Well, you know how I feel

Date: 2010-07-03 05:06 pm (UTC)
From: [identity profile] nightskyre.livejournal.com
But good for you. You need to look out for yourself. I'm commenting really just so you know we're here to support you if there's anything we can do.

Date: 2010-07-03 05:15 pm (UTC)
From: [identity profile] etherial.livejournal.com
I'm no expert on anyone involved, but it sounds like a reasonable plan. I hope it works.
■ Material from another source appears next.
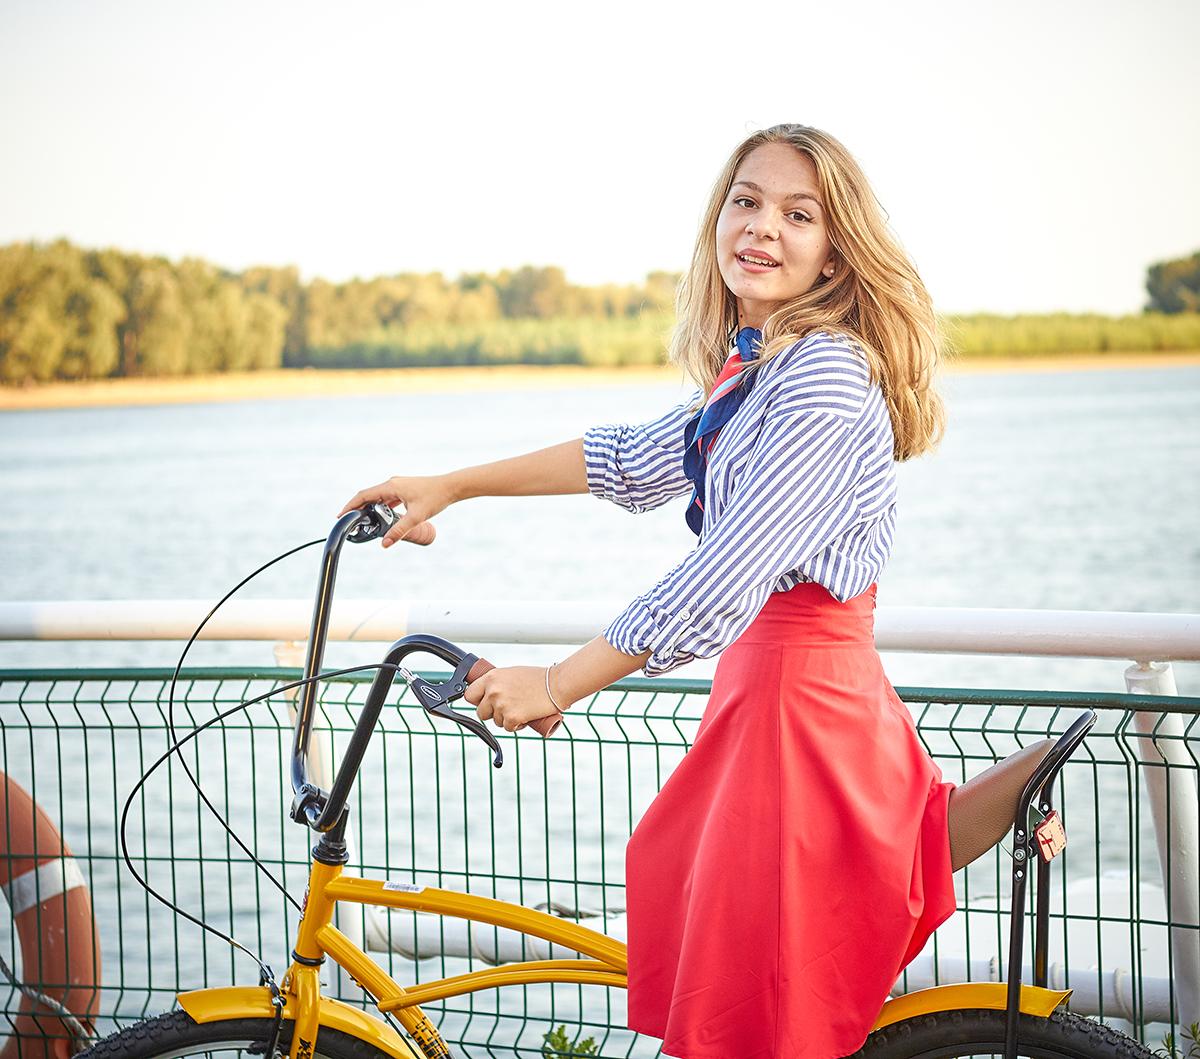 Despre Skirtbike

Date: 2010-07-04 02:47 pm (UTC)
From: [identity profile] hellishdream.livejournal.com
*hugs*
You want what's best for you (plural you) as a couple.
That takes a lot of strength.

Date: 2010-07-05 03:21 am (UTC)
From: [identity profile] cloud2sunshine.livejournal.com
Babe, you know Im here for you, even being as far away as I am, I am just a phone call away. I am glad you are standing up for yourself and for Rob when he can't do it for himself. that takes guts. I hope things get better.